Ok so today was a mad rush to get this box done. I just HAD to have it done tonight. I haven't glued or sealed it at all and I can hear the leaks but it doesn't matter because I am going to take it apart and do it correctly in the next few days.

Here it is with the first fit test. They are a little loose but I had to make the hole slightly bigger so that the SA-8 V.2s will fit. Although i will be having a PWK box designed for those when they get here.



























They are ready to be dropped in...









And the whole thing is ready to go in the truck...









In there and playing...









Just having listened to it for a couple minutes I can tell that they can do more than the 12 that was in there.
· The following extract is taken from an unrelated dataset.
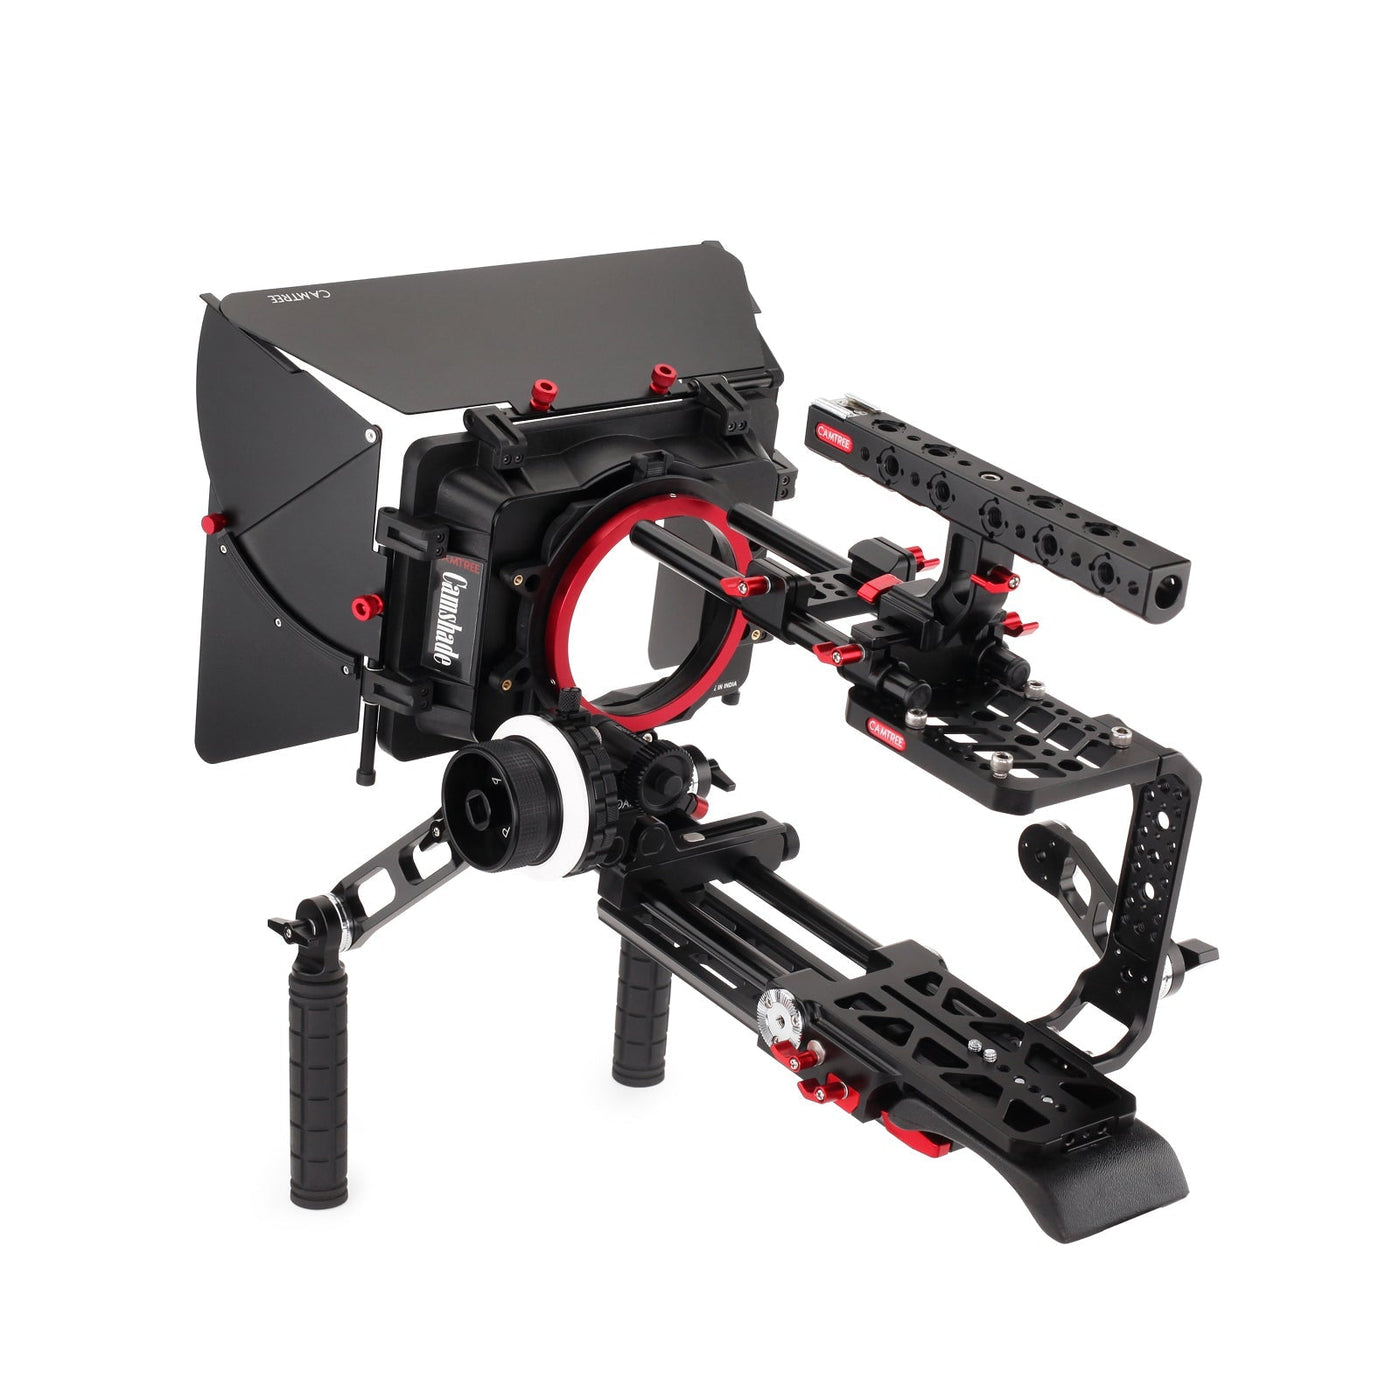 Proaimusa Camtree Hunt Camera Cage Shoulder Kit for Blackmagic URSA Mini 4K/4.6K/Pro 4.6K CH-BMUM-SK

The 12 was on 240w @ 4ohm and the 8s are on 360w @ 2ohm. I LOVE how small the box is. I can still put the seats down and lay big things across the top of the box without having to worry about pulling it out.


----------



## toylocost (Jul 4, 2011)

Box is finished...









I like the sound alot more than the 12. Much tighter and faster. Not to discredit the Sony at all though its great for what it is and all the problems I ever had with it could have been solved by a proper enclosure.

Loving the 8s though, nobody expects that's what's in there.


----------



## toylocost (Jul 4, 2011)

Made a video for the E-8s. Please excuse my awkwardness in front of the camera.

Sundown E-8 V.2s in 4runner demo/review - YouTube


----------



## stockley1234 (Jan 31, 2010)

Looks good so far. I especially like that you never just left the hole in the cubby and actually spent the time to glass it in.

I'll be staying updated for sure. Also, I am trying to decide if I should go with Sundown's SA-8v2 or some other subwoofer so I am definitely sticking around to see how they work for you.


----------



## toylocost (Jul 4, 2011)

SA-8 V.2s...... MMMMMMMmmmmmMMM.....



































Went down over 100 watts from the E-8s due to the impedance change, and they are STILL louder and lower and stiff as hell.

Also submitted a Project Assessment Form on the PWK website so I will be having a new box design in a couple months. Then I need to get off my ass and do the Big 3 and wire up the 1200D. Should be fun!


----------



## JayinMI (Oct 18, 2008)

toylocost said:


> Thanks
> 
> 
> 
> ...


Um, not exactly, but the rest of the amps in that series were made in the range of 1990-92...might have even gone up to 1995, but I KNOW 90-92 for sure.

Jay


----------



## toylocost (Jul 4, 2011)

New stuff!


----------



## Billiam267 (Apr 17, 2013)

toylocost said:


> New stuff!


Dude, please post a video! i have a 2000 sr5 4runner and im looking at pretty much the same setup myself but i cant cecide on my sub stage, im gonna do either 4sd 2 8's or a sundown z4 15" in a pwk box  how do you like those imagines? did they fit in the doors? whats the midbass like?


----------



## toylocost (Jul 4, 2011)

Well unfortunately I had to sell this 4Runner so that I could go back to school. I know, I now, I'm as disappointed as you are. But school needs to take priority right now...

I love the SA-8s, I have them in my 1991 Corolla now that I drive to school. The Hybrids will fit in the doors with a little massaging, I had the driver's speaker in before I had to sell the truck but never got it finished enough to take pictures. I kept all my equipment though and it's all going into the Corolla as soon as I find some time to play with it. I haven't even been able to hear the Hybrids yet but they are awesome just to look at haha, I'm sure they'll live up to their expectations. Good luck!


----------